Linux latency measurements and compositor tuning | farnoy.dev

Ever since moving back from Windows, I’ve been paranoid about latency in games on Linux. Slight changes to the environment or settings can, all of a sudden, make the mouse feel very floaty. There have been many community discussions on this topic and I’m certainly not alone in this. To investigate, I used a small Teensy microcontroller to measure click-to-photon latency. It acts as a USB HID mouse and is paired with a light sensor pressed against the screen. I flashed it with an existing Open Source LDAT sketch, with slight modifications. The resulting setup can log hundreds of samples to a CSV file, unattended. Measurements were done on two computers: a desktop and a laptop. They each have an Ada-generation RTX card and a Zen 4 CPU. I used virtually the same NixOS config on both, along with an up-to-date Windows 11 install on each. They were connected to the same display for most of the tests: an LG C1 at 120 Hz over HDMI. I have Radeon GPUs lying around, and plan on testing gamescope on them in particular, but that’s going to have to wait until the next batch of tests. App settings were selected to avoid hardware bottlenecks. My goal was to easily hit 120 FPS on a 120 Hz output and test for any queueing effects in the software stack. I used KDE Wayland 6.6.4, Proton-GE 10-33, MangoHud 0.8.2 for FPS limiting (using the late method), Nvidia 595.58.03. Originally, I had meant to compare with X11 sessions as well, but with KDE removing them soon, I dropped it. On Windows, I used either the Nvidia control panel or RTSS for frame-rate limiting, interchangeably. Despite the automated nature of the tool, launching & cataloging the runs still ends up being a lot of work. Controlling all the variables is a major pain, and I often discovered new things partway through the testing, which invalidated prior measurements. A few examples of odd behaviors are:

LG webOS toggling Black Frame Insertion when you connect a different computer on the same port.

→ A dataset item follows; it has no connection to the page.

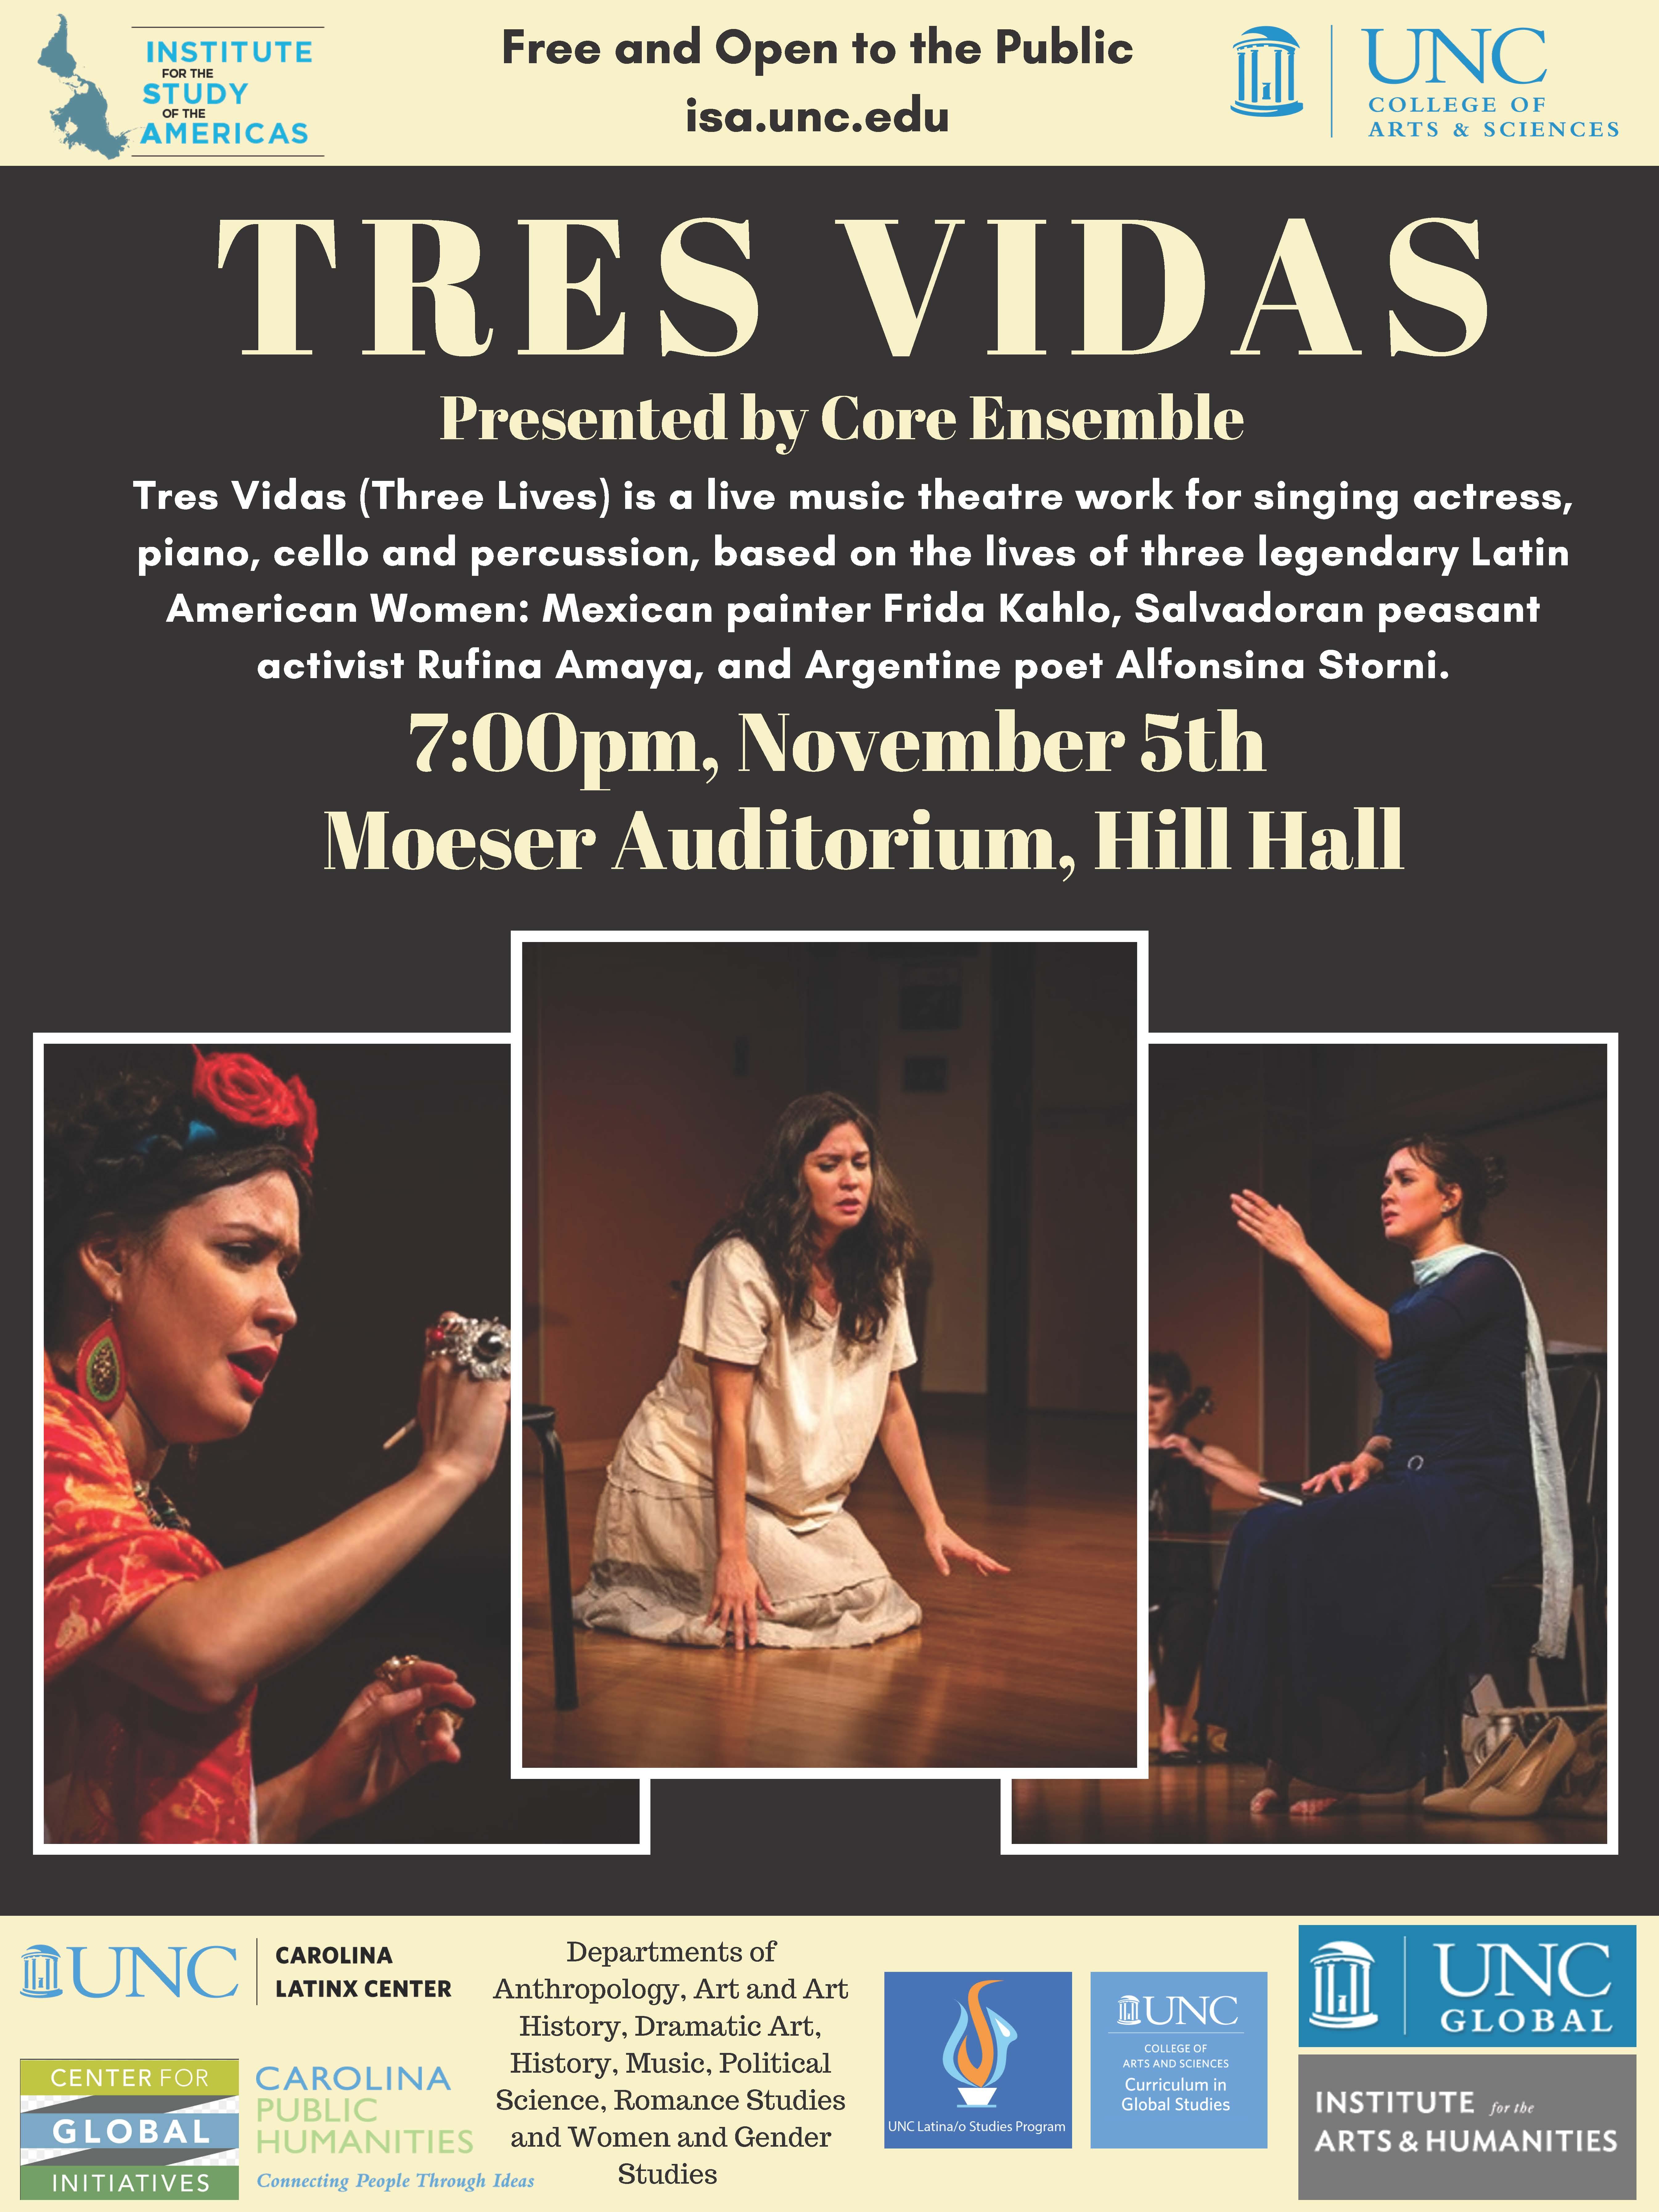 Core Ensemble Performs 'Tres Vidas' Honoring Influential Latin American Women

Using KDE Konsole to mark the start of my test run initiates big wl_shm presentation surfaces, which take a long time to copy over PCIe to GPU VRAM. This trains the compositor to be extra pessimistic about timings that just spiked. Switching V-Sync modes in specific games not applying the change immediately.

Synthetic tests As a quick validation run and an easy test of display settings, I built my own latency testing tool. It’s just a black square that goes white immediately when you click on it; perfect for the tool to react to. I added a configurable delay to simulate input processing. The test was performed on a clean Chromium profile with nothing except for out-of-the-box defaults. How to read the chartsEach chart varies one parameter, shown on the Y axis. Latency is horizontal: represented as milliseconds on the bottom X axis, or in the number of frames at 120 Hz on the top. Charts may have multiple facets and those partition another variable - one facet per value. Within each facet, each Y value can have multiple horizontal boxplots - one per combination of other tunables. Same color across Y rows = only the Y parameter changes between the boxes. You can hover each box, or check the legend, to see which settings it corresponds to. Each bar is an IQR boxplot over many samples, with min-max whiskers and a vertical line representing the median.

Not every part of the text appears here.